Similar to making investments, it is difficult for companies to operate well in an economic downturn, even for blue chip companies. In recent months, several local blue chips have issued profit warnings. When a company’s results are not satisfactory, investors need to understand the reason behind it: Whether it is because of the macro environment or poor management of the company; whether it is only short-term or a change in long-term fundamentals.

“There is hope when there is dividend!” Such a quote of traditional wisdom may help you deal with investment adversity. Investment returns come from capital gain and dividends, and in a cycle of interest rate hikes, the stock price of a company generally face downward pressure, capital gain seems difficult to attain and dividends become the main source of investment returns.
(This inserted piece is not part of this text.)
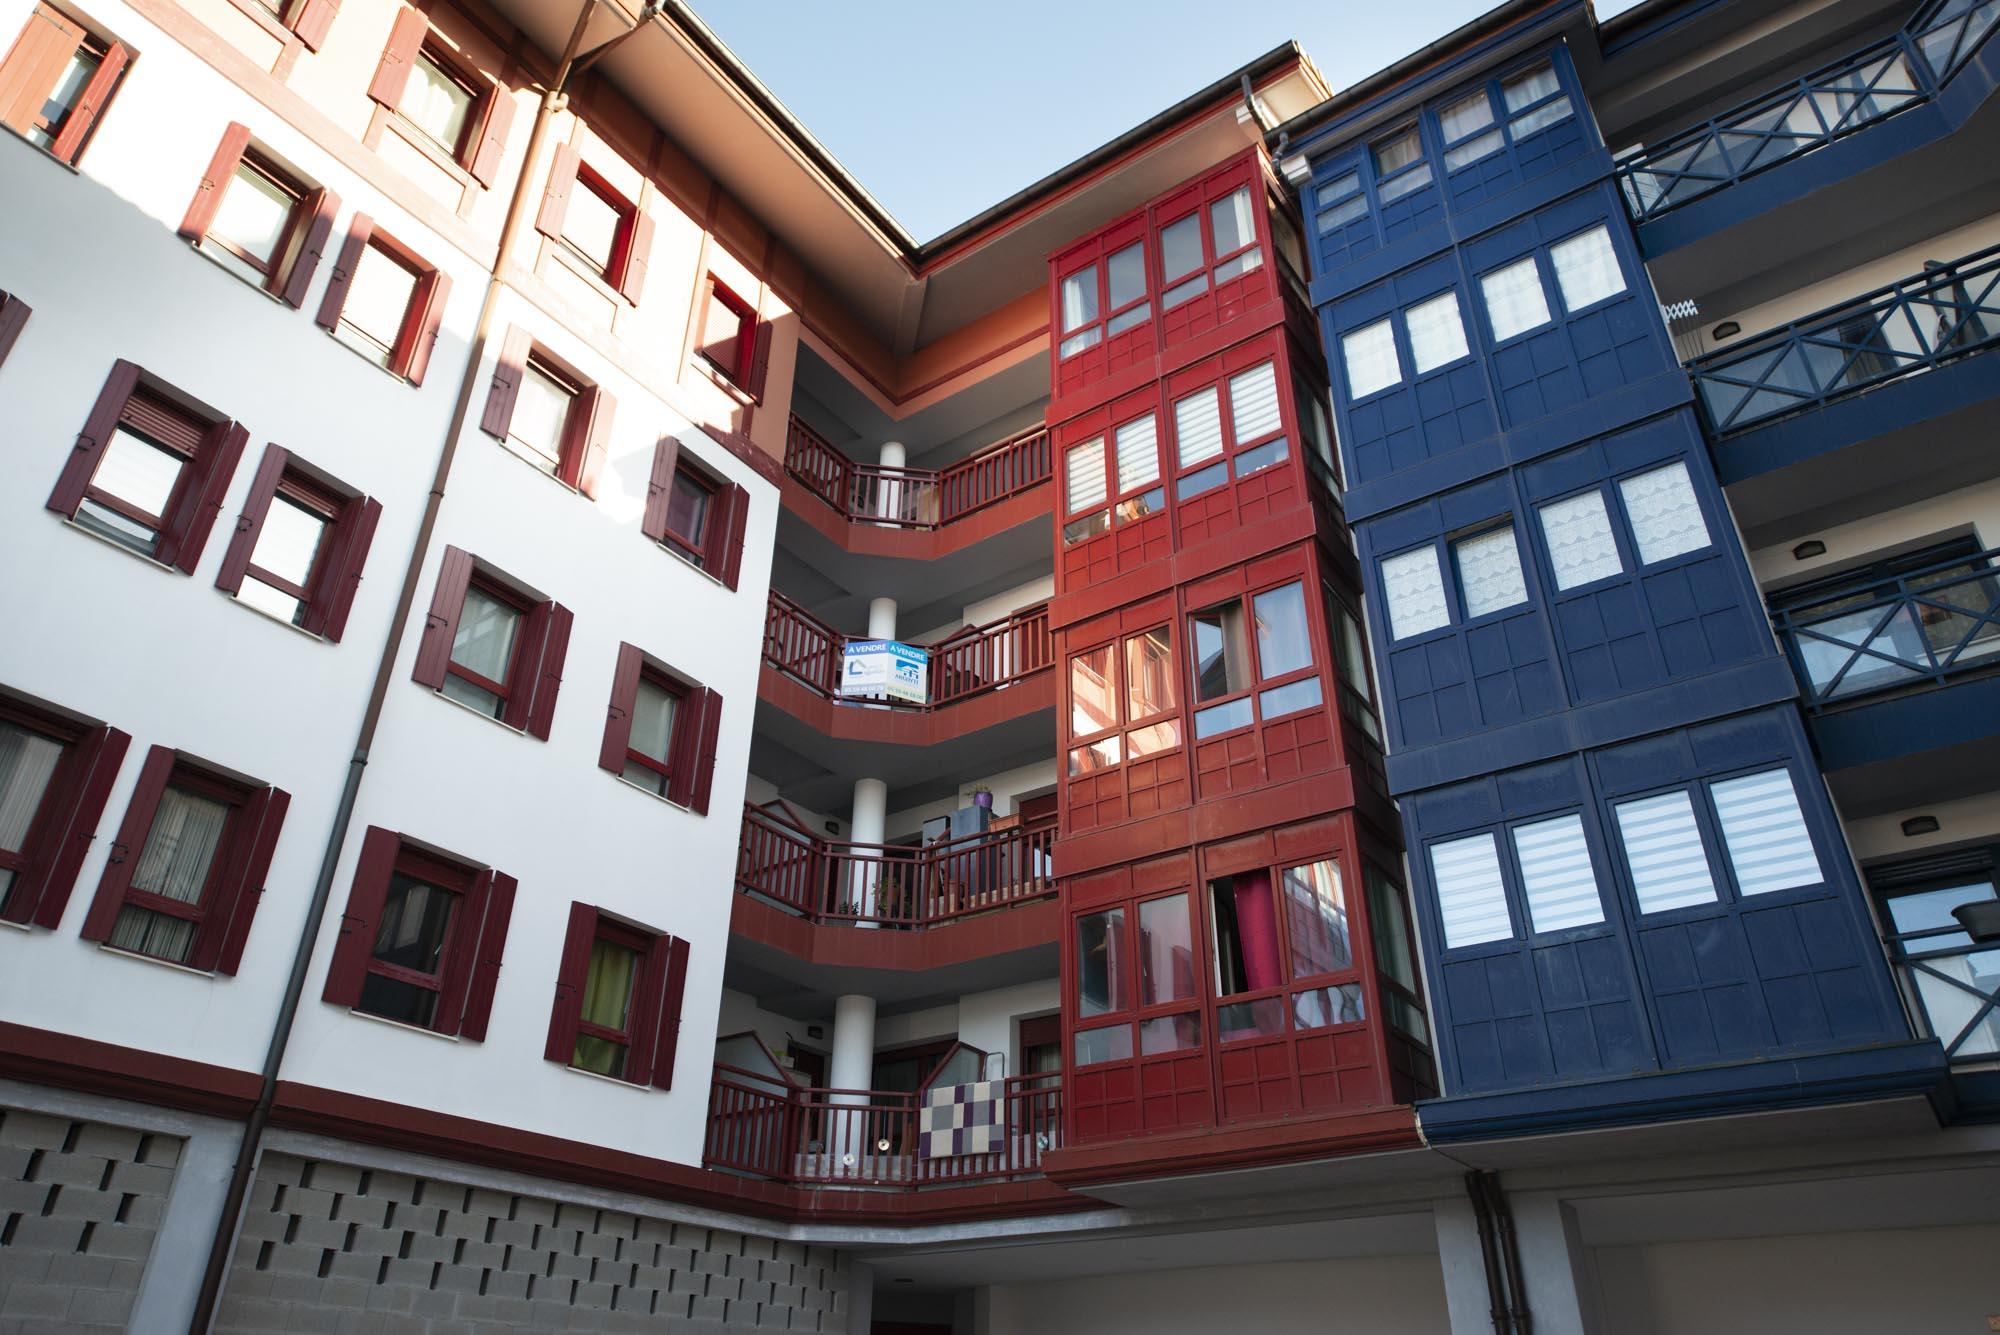 Hendaia Centro, a 7 minutos del topo y 18 a pie de la playa.Apartamento para entrar a vivir.

However, when the economy is in the downturn, corporate earnings will be affected and dividend payouts will be cut or even no dividend payment declared, the traditional dividend-paying stocks such as utilities and banking are of no exception.

Other traditional investment wisdom, such as diversification and investing in what you can afford to lose (using margin cautiously), need to be followed whether in good or bad times. After all, investment is a balance between risks and returns. Investment is like a long-distance race in which we may come across different scenario, and it will not always be a smooth journey. When you do not know what to do and are getting stuck, think about the investment wisdom of those who have gone before you, which should enhance your investment “resilience” and “flexibility”.